Родился Виктор Никитович Заярский 12 декабря 1936 года на Кубани, в хуторе Верёвкин, Тбилисского района.

Его дед, Заярский Дмитрий Григорьевич, Черниговский казак, в 1913 году, вместе с четырьмя родными братьями переселился на Кубань в поисках счастья, да так, здесь все и сгинули во время кровавой смуты в 1917 году.

Детство Виктора Заярского было трудным. Маленьким ребёнком он стал свидетелем страшных событий Великой отечественной войны в 1941–1945 годах, пережил фашистскую оккупацию. Мать получила с фронта похоронку на отца и повторно вышла замуж. С отчимом, человеком неуравновешенным и пьющим у Виктора отношения не заладились. Становление его характера пришлось на полуголодные послевоенные годы. К сталинскому режиму, несмотря на юный возраст, он испытывал непримиримую ненависть, поскольку был свидетелем жесточайших репрессий, когда ни в чём не повинных хуторян – казаков отправляли в Сибирь за опрометчивое слово, сказанное против тогдашней советской власти.

1961 году Виктор Заярский успешно окончил Одесское высшее инженерное морское училище и получил диплом инженера – механика. До выхода на пенсию работал механиком на танкерах загранплавания в Новороссийском морском пароходстве. За время работы посетил очень многие порты мира.

Всё это постепенно находило воплощение в прозаических произведениях, в которых романтическая приподнятость повествования сочетается с добротным реализмом в изображении будней штормовой морской профессии. В такой стилистической манере написаны многочисленные рассказы, которые публиковались в Москве, в журналах «Морской флот», «Юный натуралист», «Вокруг света». Впоследствии многие из этих морских рассказов составили детскую книжку «Первая вахта», которая вышла в Краснодарском книжном издательстве в 1982 году.

Под влиянием приключенческих книг очень рано в душе у Виктора Заярского родилась мечта о море, и в 1953 году он убежал из дома и вместе с приятелем оказался в Новороссийске. Это событие в дальнейшем и послужило ему материалом для издания, отдельного сборника, в Краснодарском книжном издательстве, в 1990 году, в который вошли две повести «Время покажет» и «Голубые мечты». Обе эти повести объединены темой нравственного выбора, поставленного перед молодым поколением эпохой 50–60 годов.

Повесть «Время покажет» написана на реальном материале.

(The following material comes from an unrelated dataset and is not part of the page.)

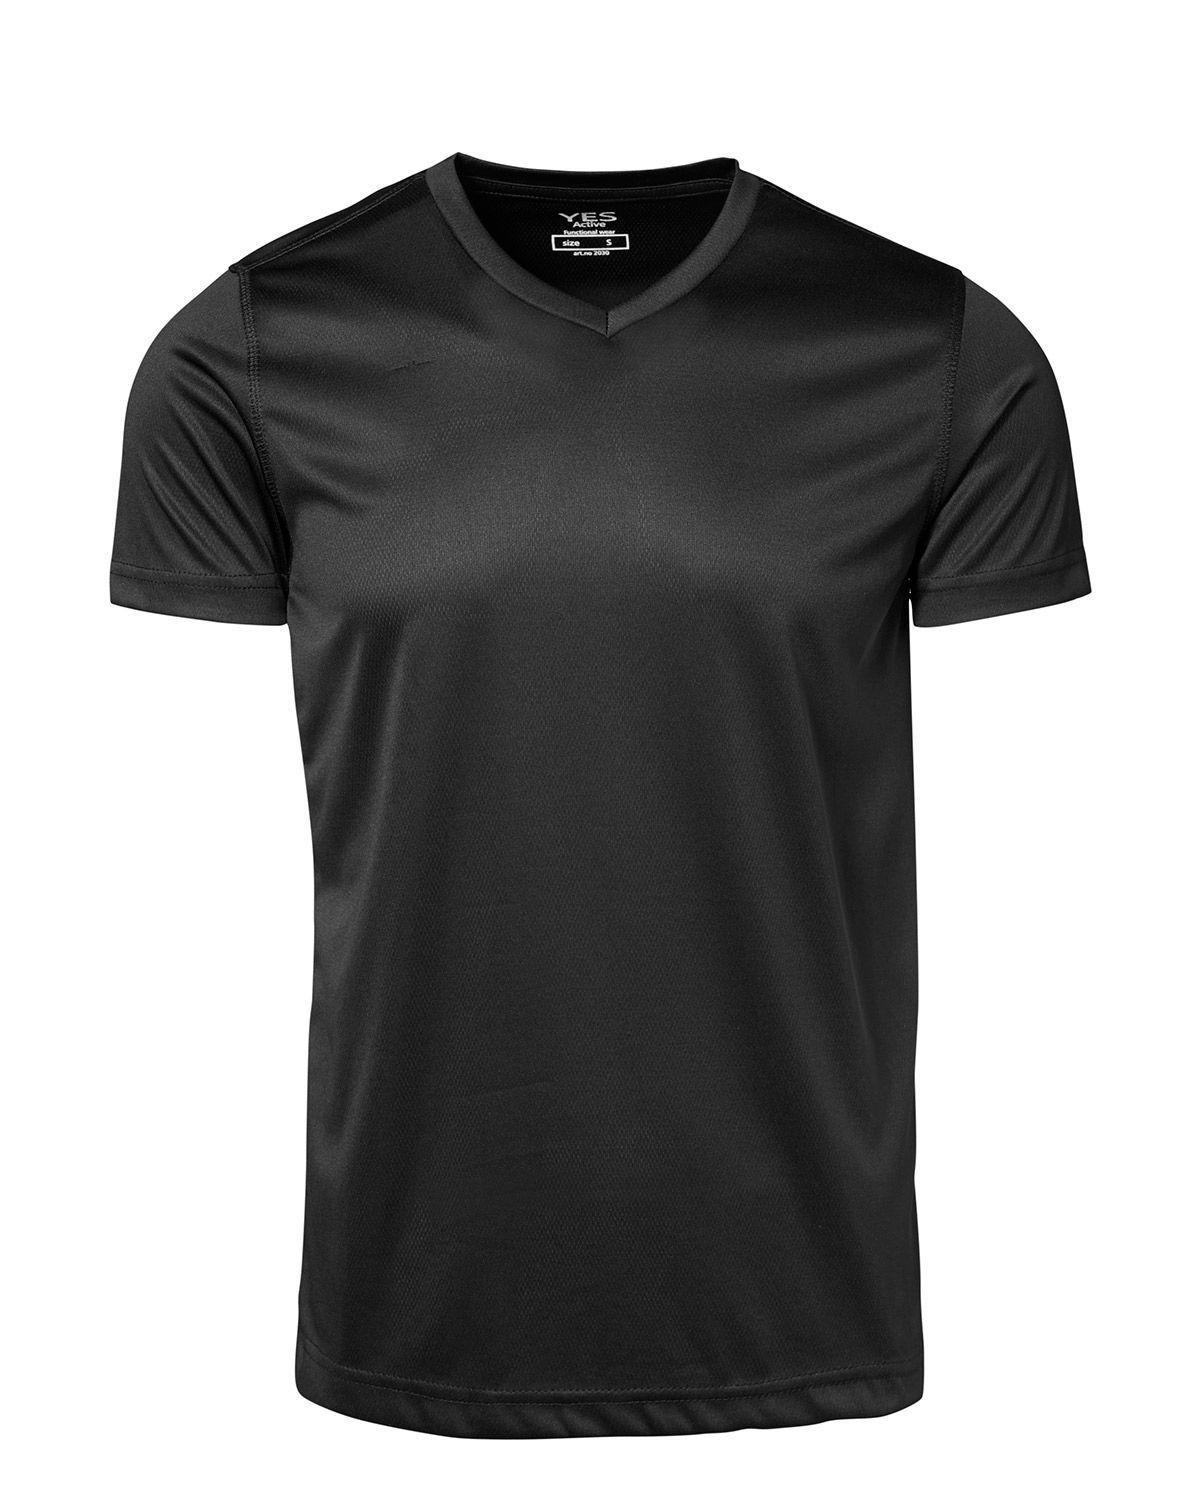 ID YES Svedtransporterende T-shirt (Sort, 2XL)

Отличается продуманной композицией и тонким пониманием подростковой психологии. Она воссоздаёт образ разрушенного войной Новороссийска и показывает такие черты русского национального характера, как сплочённость в беде, умение преодолевать невзгоды и способность прощать врагам своим.

Вторая повесть – «Голубые мечты» – рассказывает о воспитании характера юноши – моряка и обретении им места в жизни. К лучшим страницам повести относятся романтические сны главного героя, в которых он встречается с персонажами любимых книг.

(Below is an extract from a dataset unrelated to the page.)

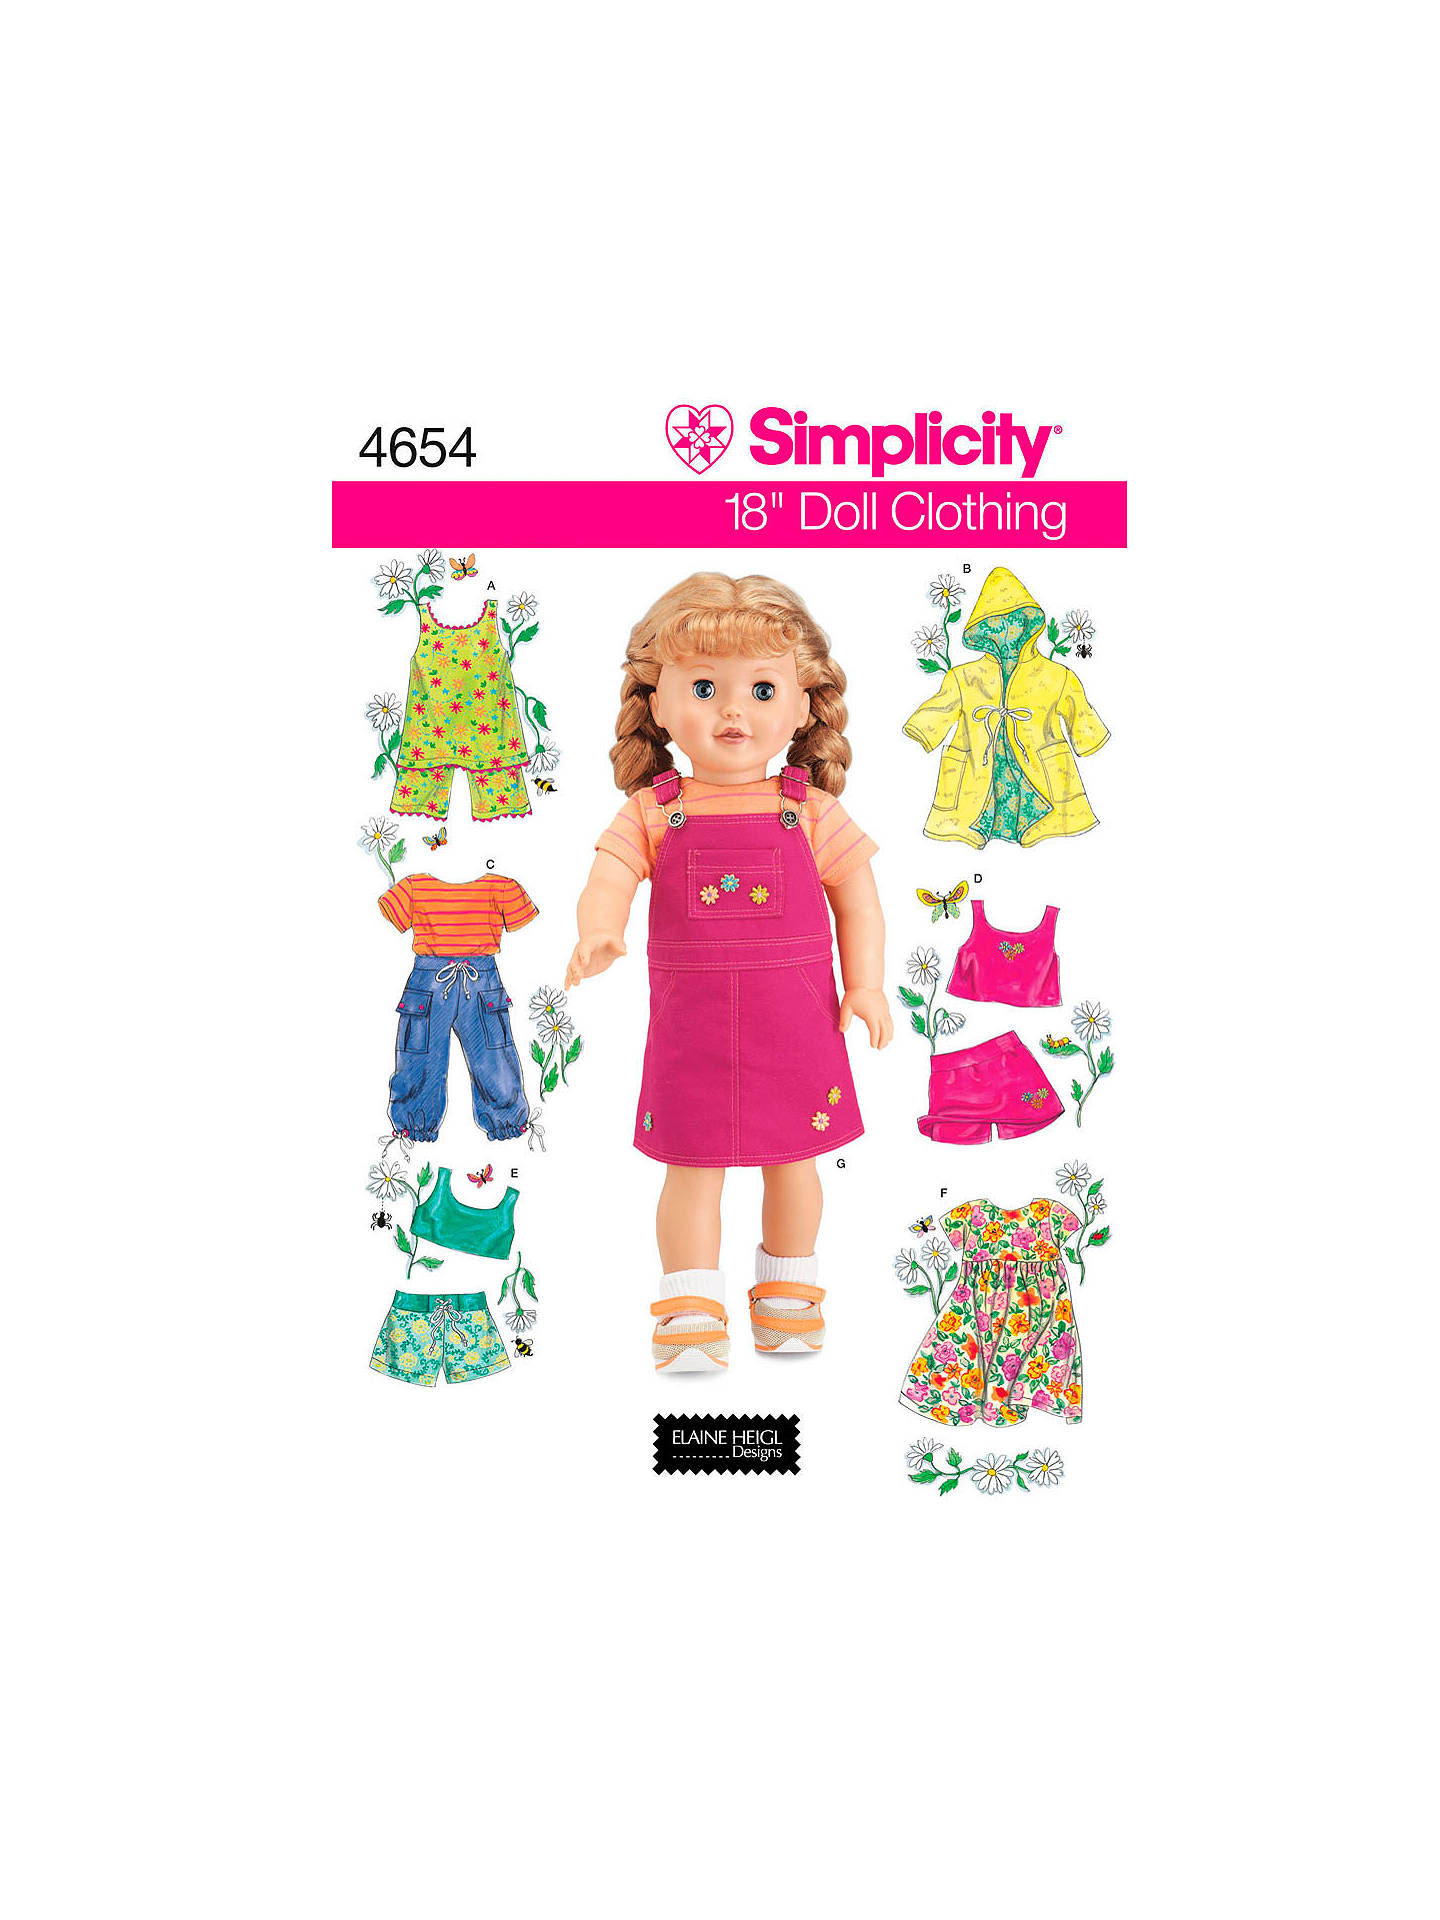 Simplicity Craft Sewing Pattern, 4654 at John Lewis & Partners

После издания сборника «Время покажет» Виктор Заярский все силы отдал работе над романом «Во имя отца и сына».

Работа над произведениями, посвящёнными казачеству, свела Виктора Заярского с видными кубанскими писателями – казаками П.К.Иншаковым и А.Д. Знаменским, которые одобрили его труд, но предупредили его о том, что он взялся за опасную и полузапретную тему. Несмотря на цензурные сложности, повесть Виктора Заярского о кубанских казаках «История одного долгожителя» была опубликована в 1982 году в альманахе «Кубань».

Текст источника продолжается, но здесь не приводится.